◆ Exercise directions
Consider the listing below. Extract exactly the lines from the line containing "Round wooden sticks" to the line containing "Jose Manuel socio de Prouvé 1", both included.

◆ Extracted data
::::

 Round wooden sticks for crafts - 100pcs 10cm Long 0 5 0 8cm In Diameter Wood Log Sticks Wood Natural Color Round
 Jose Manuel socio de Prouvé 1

::::

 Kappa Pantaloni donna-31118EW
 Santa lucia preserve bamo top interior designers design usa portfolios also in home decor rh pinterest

::::

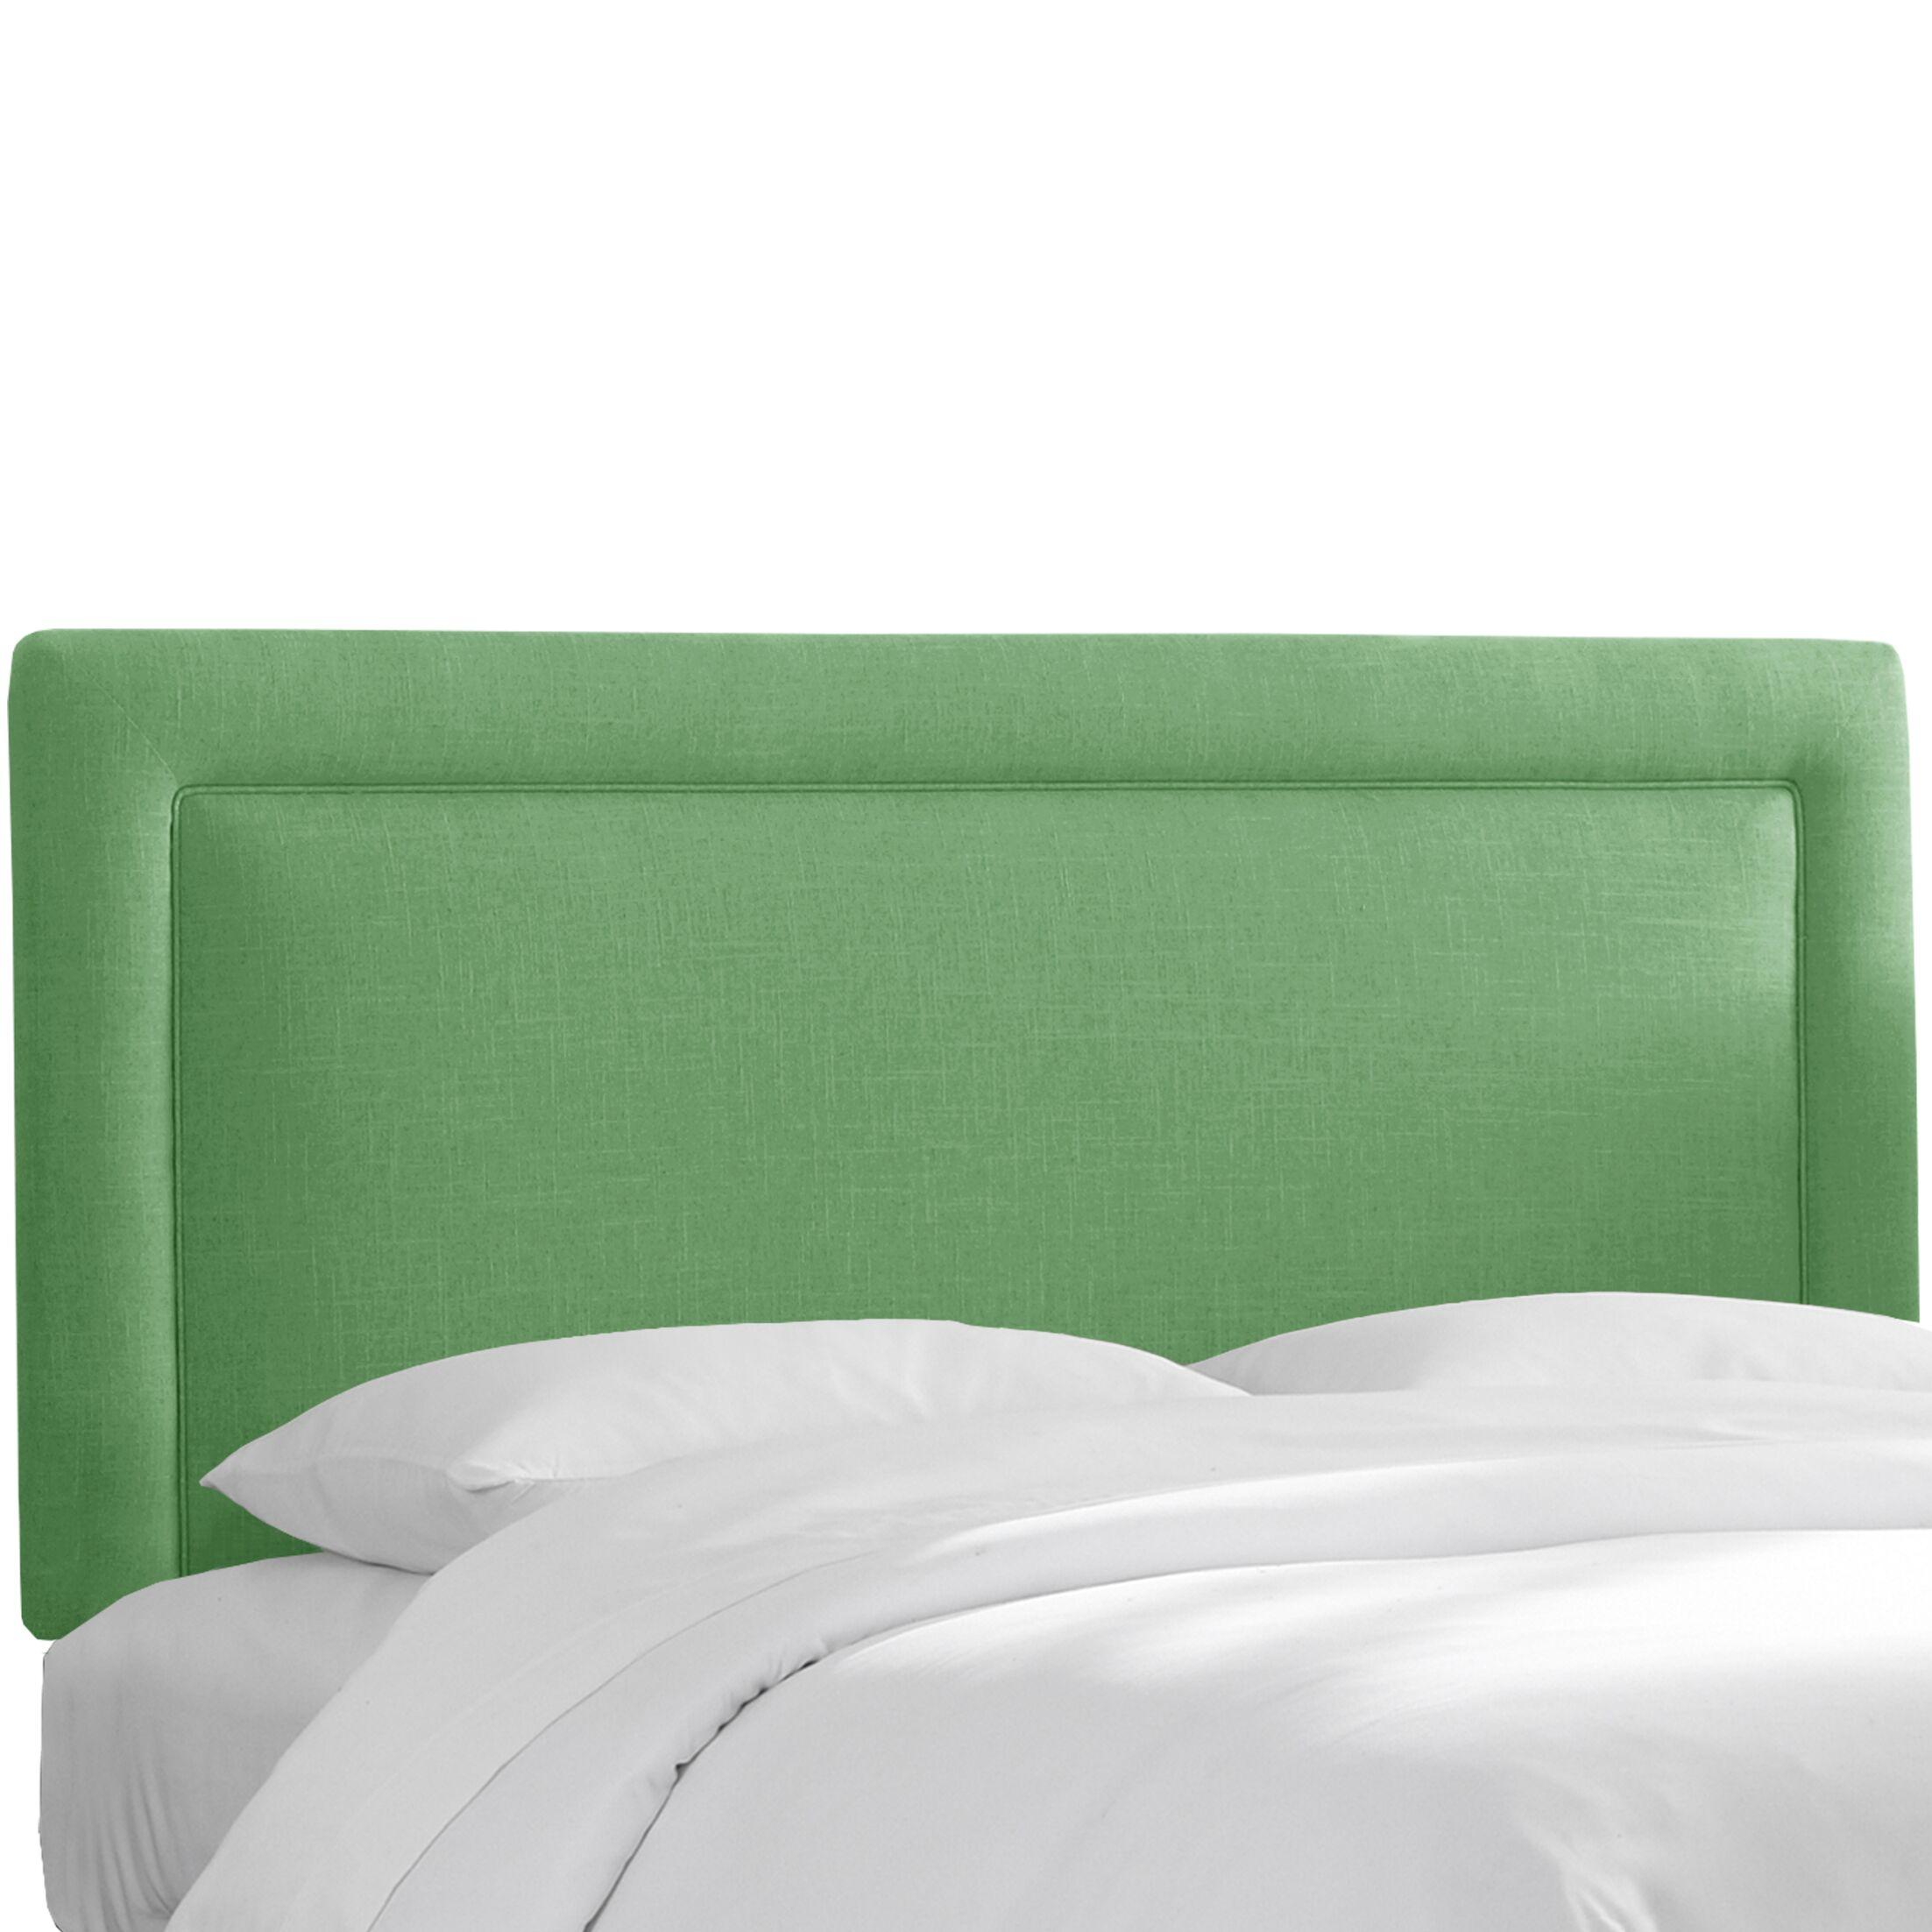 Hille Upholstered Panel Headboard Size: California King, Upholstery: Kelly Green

::::

◆ Task answer
 Round wooden sticks for crafts - 100pcs 10cm Long 0 5 0 8cm In Diameter Wood Log Sticks Wood Natural Color Round
 Jose Manuel socio de Prouvé 1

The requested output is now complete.